** The task **
Copy task, pictures excluded: set down exactly the lines from the one containing "SpaceX a lansat" to the end of the data below.

** Material provided **
*** Begin section ***

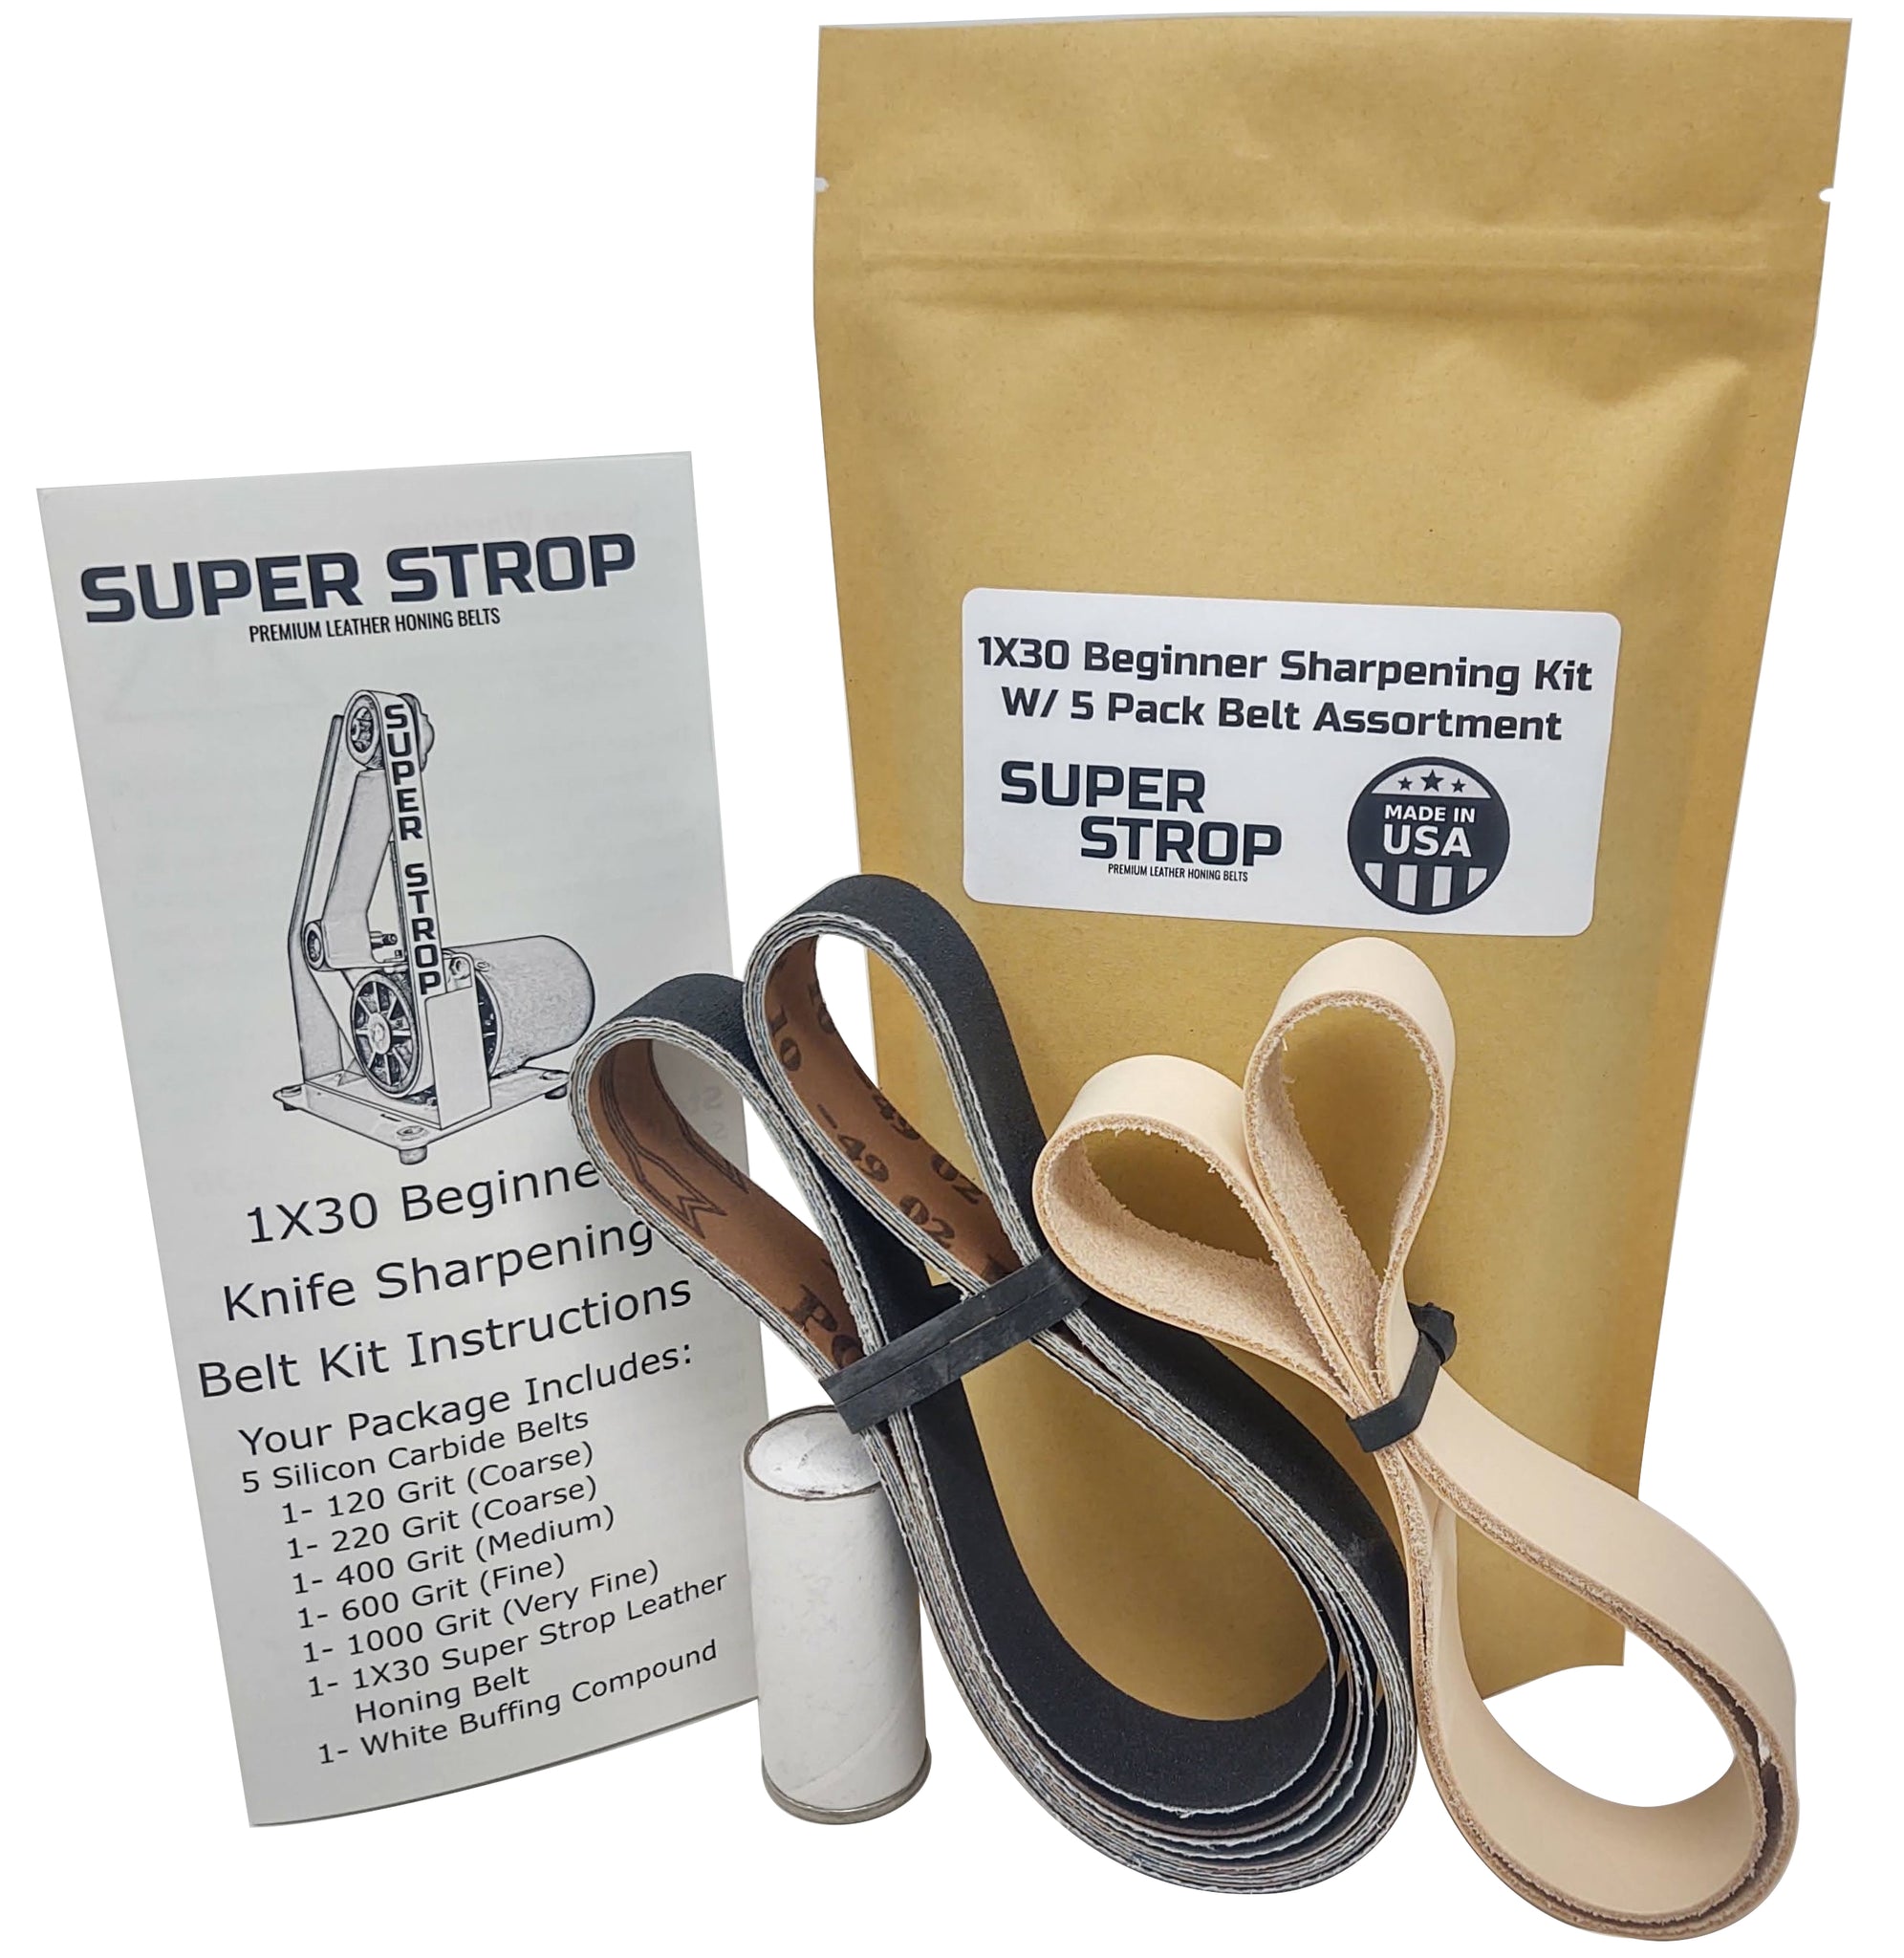 Super Strop Knife Sharpening Angle Guide Fits 1x30 Belt Sander with Assorted 5 Pack of 1x30 Sharpening Sanding Belts
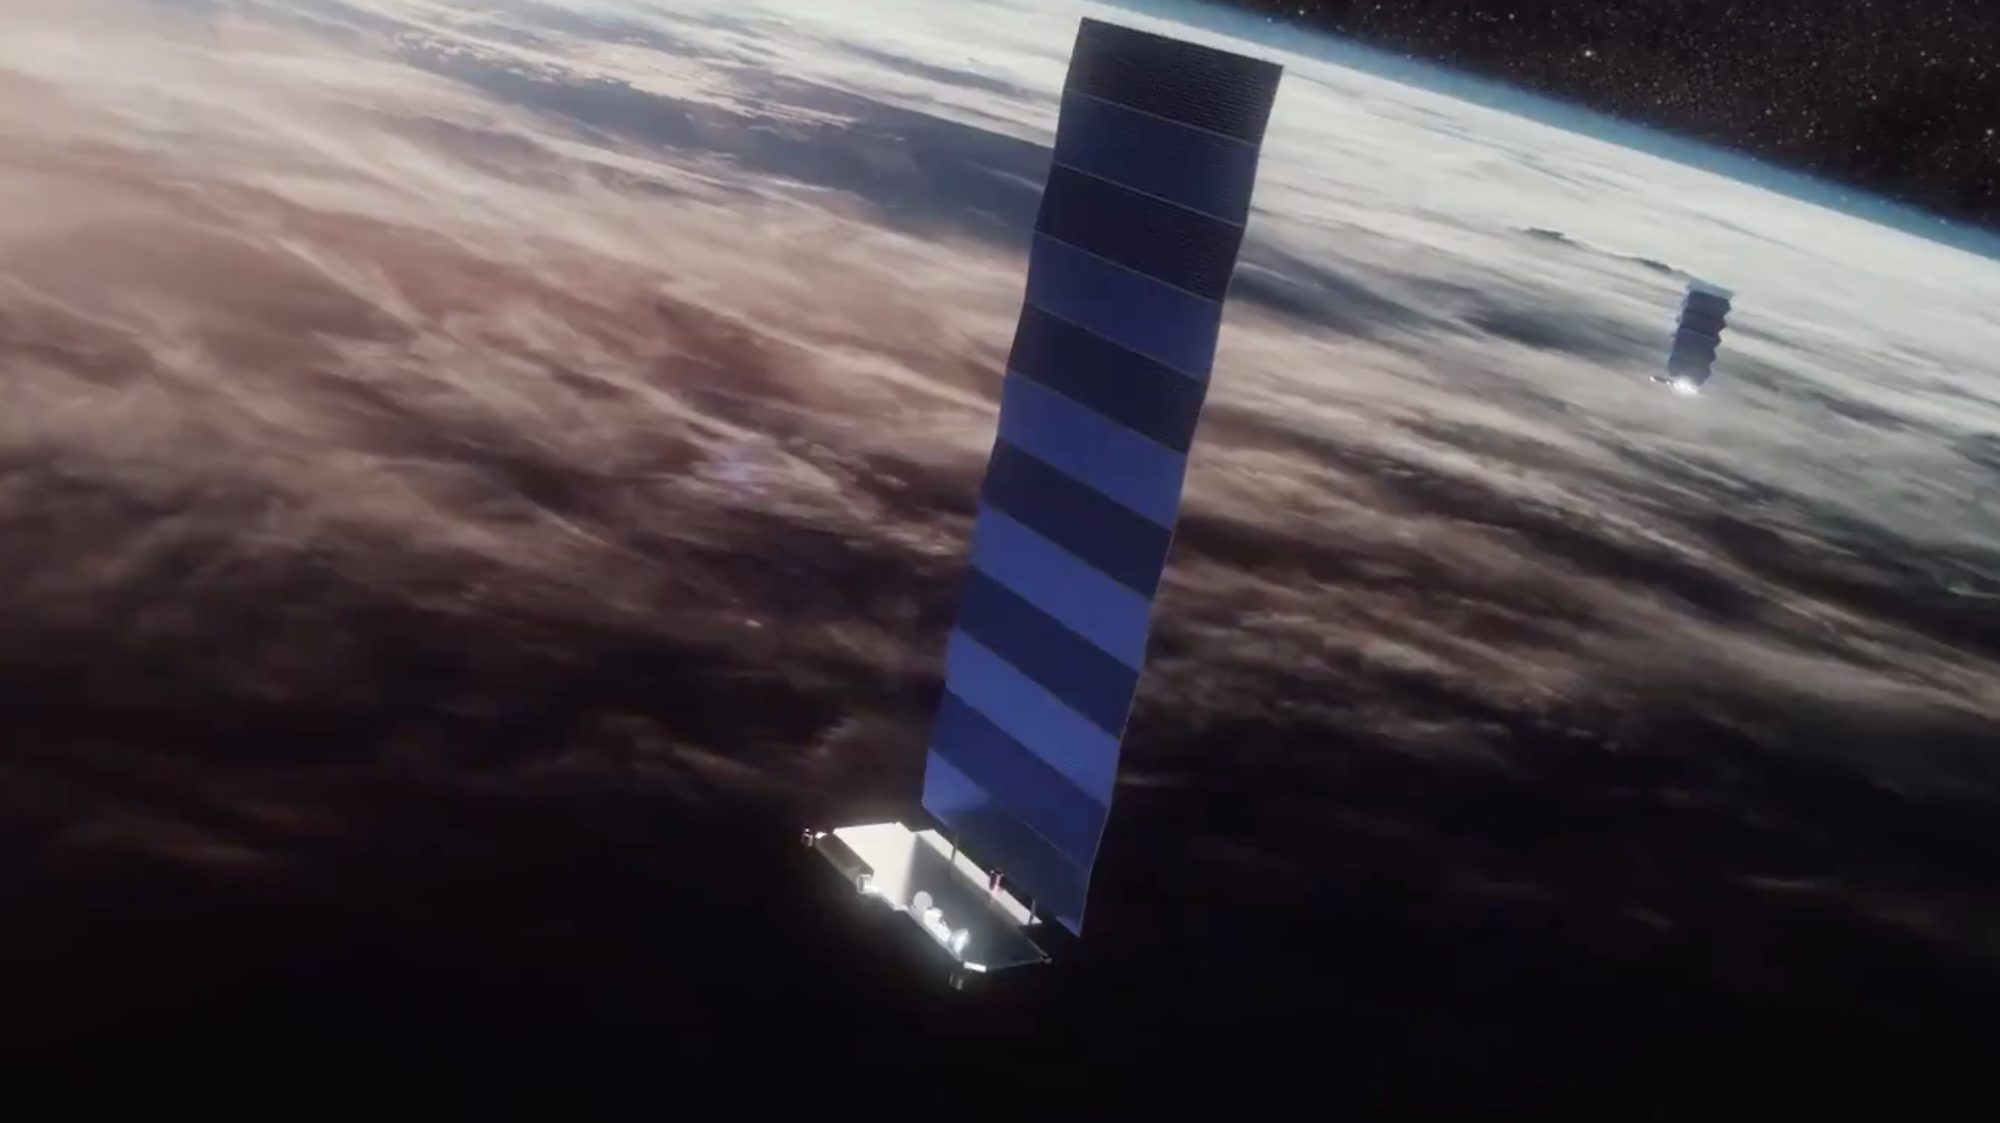  SpaceX a lansat sâmbătă 52 de sateliți Starlink în orbită
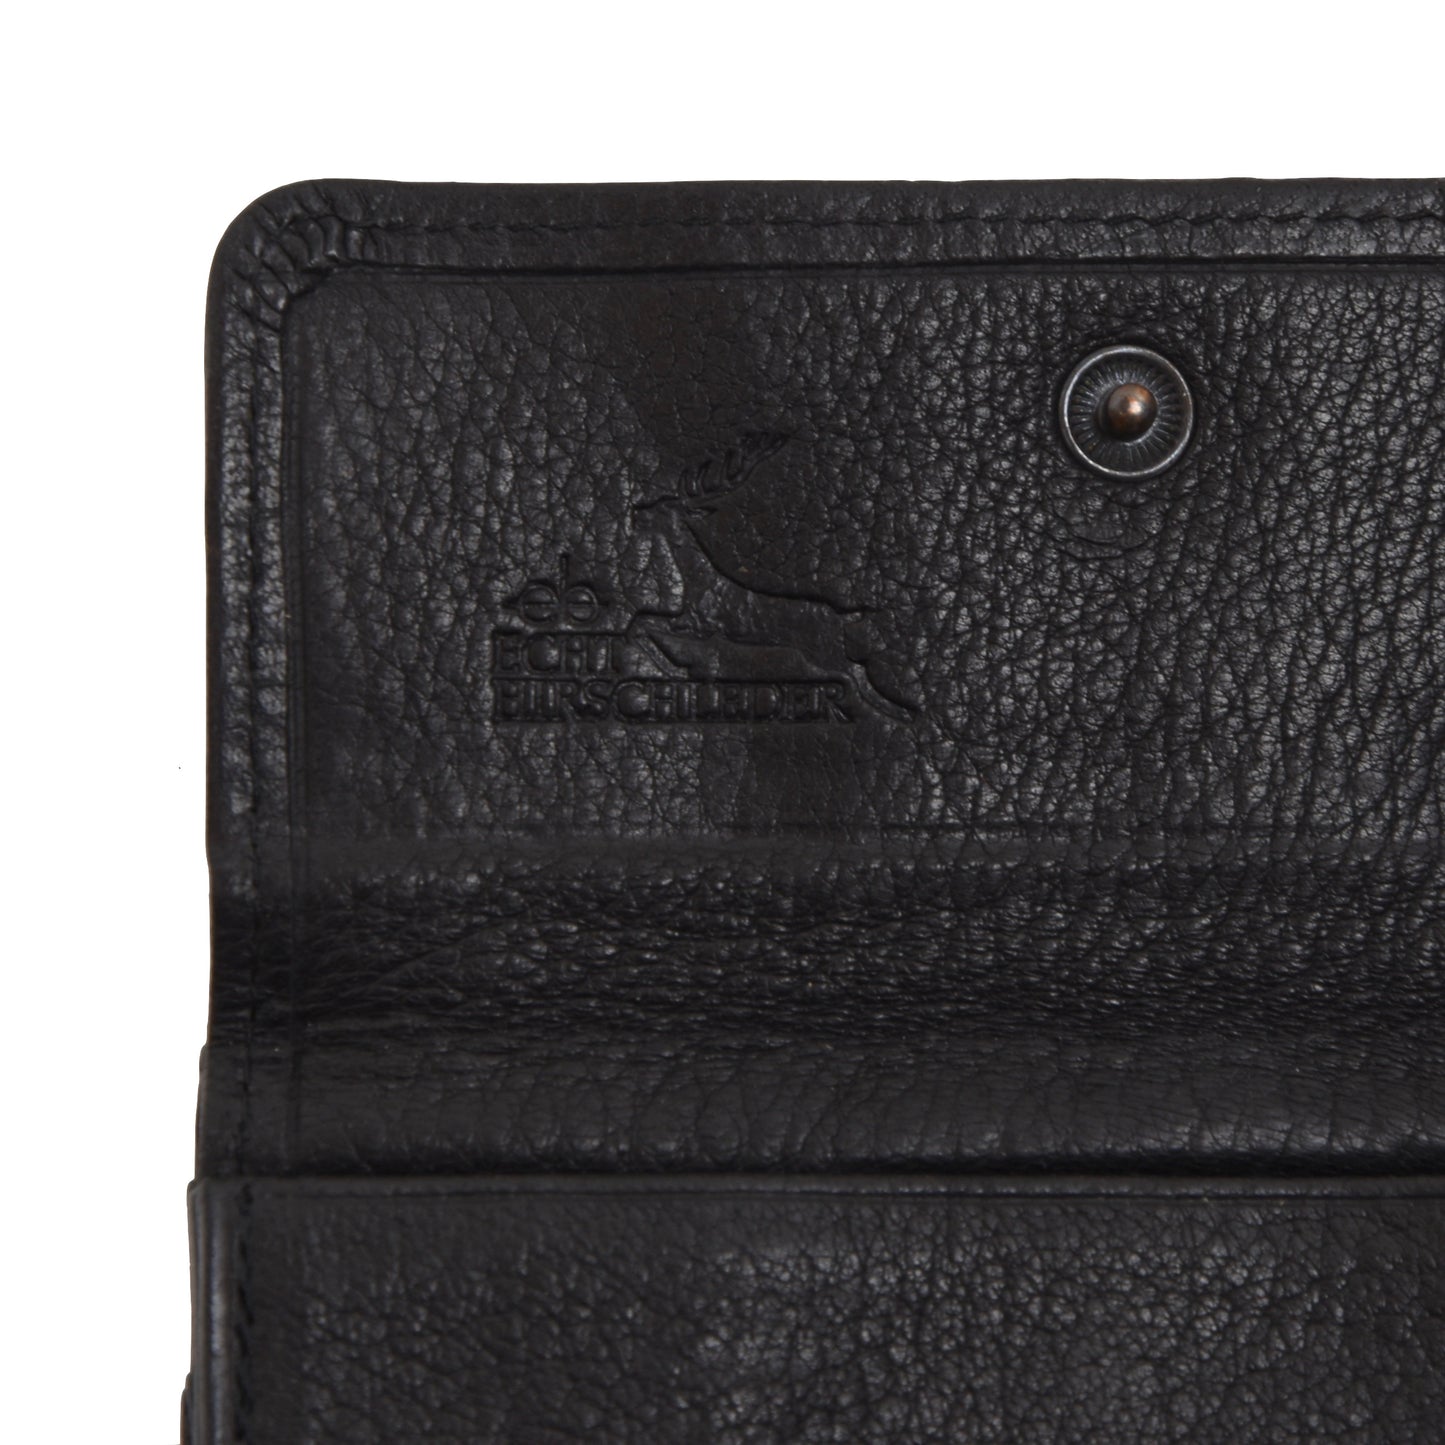 Becker Handmade Deerskin Wallet - Black

*** End section ***

** Completed exercise **
  SpaceX a lansat sâmbătă 52 de sateliți Starlink în orbită
 Becker Handmade Deerskin Wallet - Black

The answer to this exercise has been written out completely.